While the fencing work is a year-long job, the hedging is restricted by a number of regulations and can only take place between September and March. These are related to the age, length and situation of a particular hedge. Over 70% of the UK’s hedges are deemed to be ‘important’ and are under restrictions. There are various stewardship schemes and grants that can assist with funding hedge laying, including small business grants and the Glastir scheme. However even with these schemes I have found that over the last few years we are down from 10,000m per year to only 5000m per year. I cover approximately a 50 mile radius with the contracting work.

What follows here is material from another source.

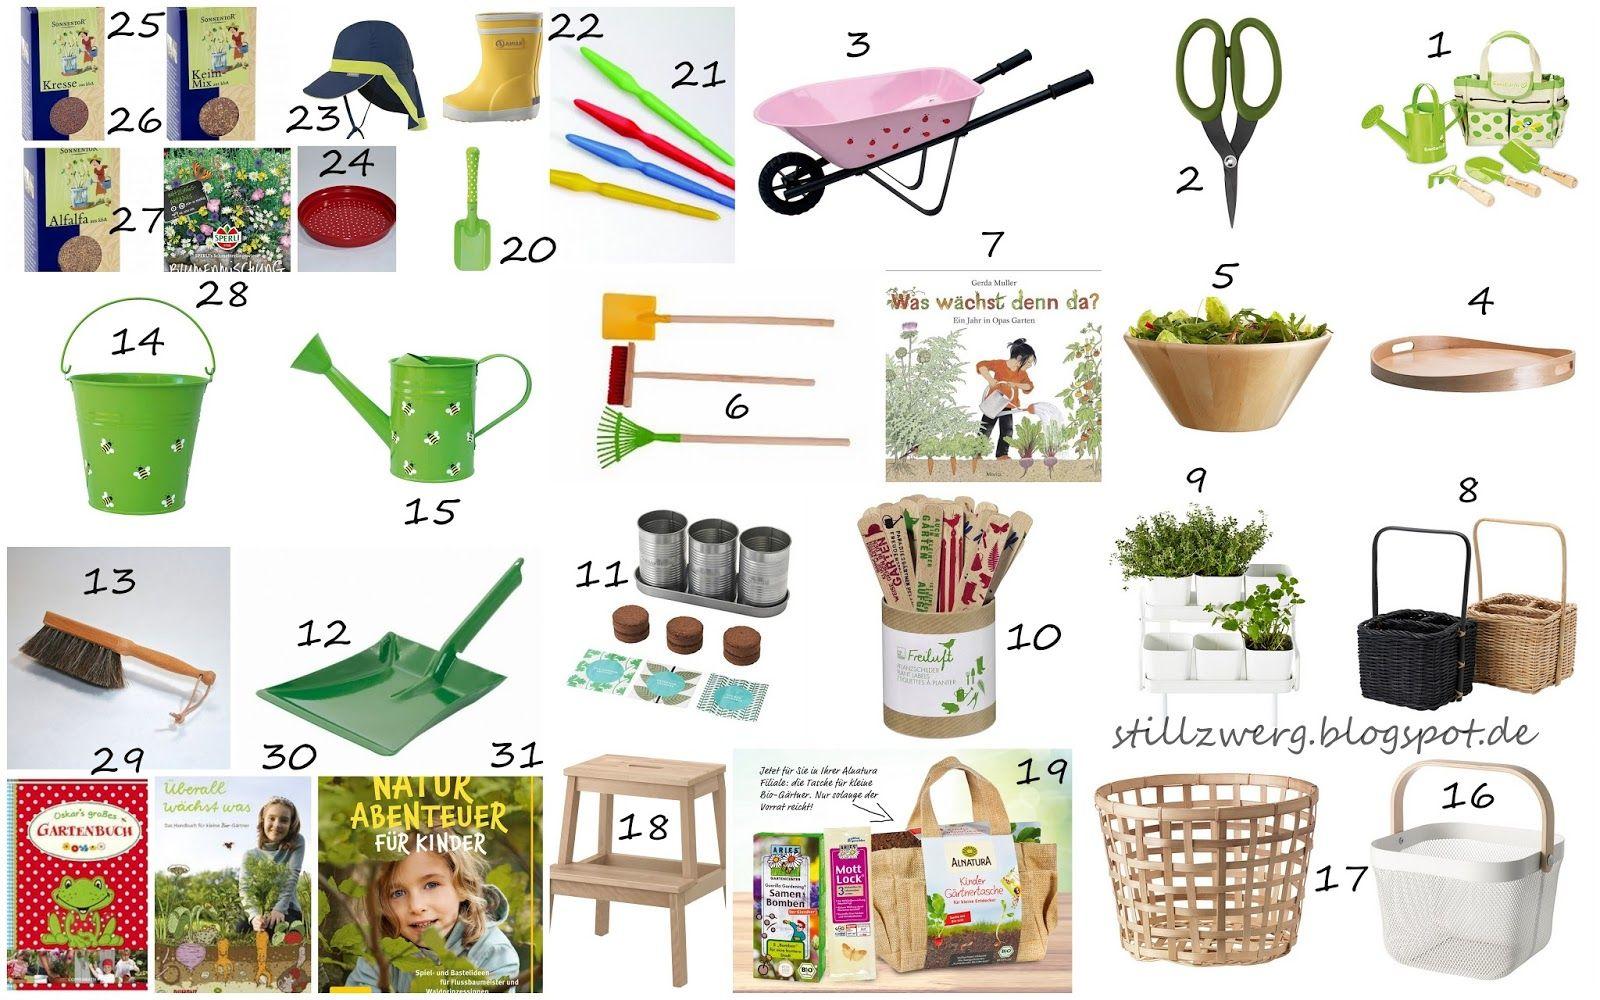 Der Stillzwerg : Praktische Gartenhelfer für Kinder Eine tolle Auswahl für die kleinen Helferlein, finde ich!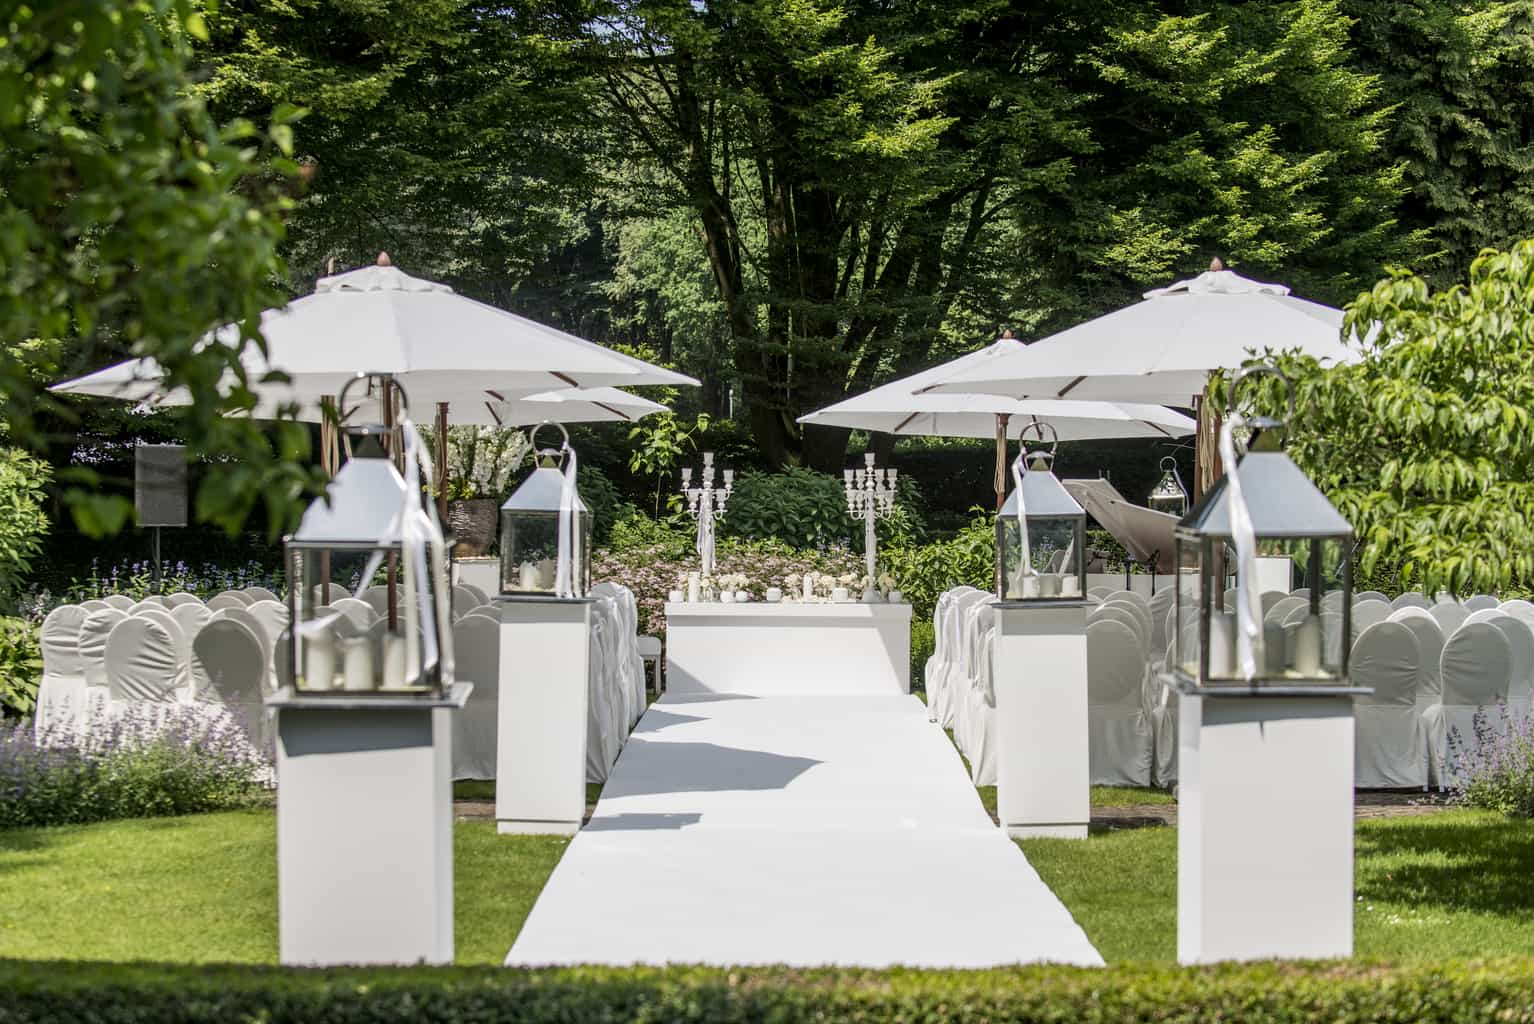 Huwelijksceremonie Landgoed Het Roode Koper, Buiten trouwen, Wedding en Planning, weddingplanner, Styling Koolhaas Concepts

Hedging is a traditional method of providing a fence or boundary to a field. There are various styles of hedge laying based on the regions around the UK. I use the Brecknockshire style with either crop & pleach or stake & pleach.  When we are laying a hedge, we are looking to make it livestock proof and it also gives a wide range of wild life and environment to live, feed, nest and travel. This includes birds, mammals and insects.

The main trees used, in our area, in traditional hedge-laying are hazel, hawthorn, ash, birch, red cherry, blackthorn and mountain ash. The aim is to regenerate the hedge, bringing new to the hedge, make it stock proof, looking good and providing a great habitat for the wildlife. Once relayed a hedge should last 15-20 years, with regular trimming, before it needs relaying again.

It is so important to continue this tradition of hedge laying as it is environmentally friendly, encourages wildlife and provides a lovely landscape to look at.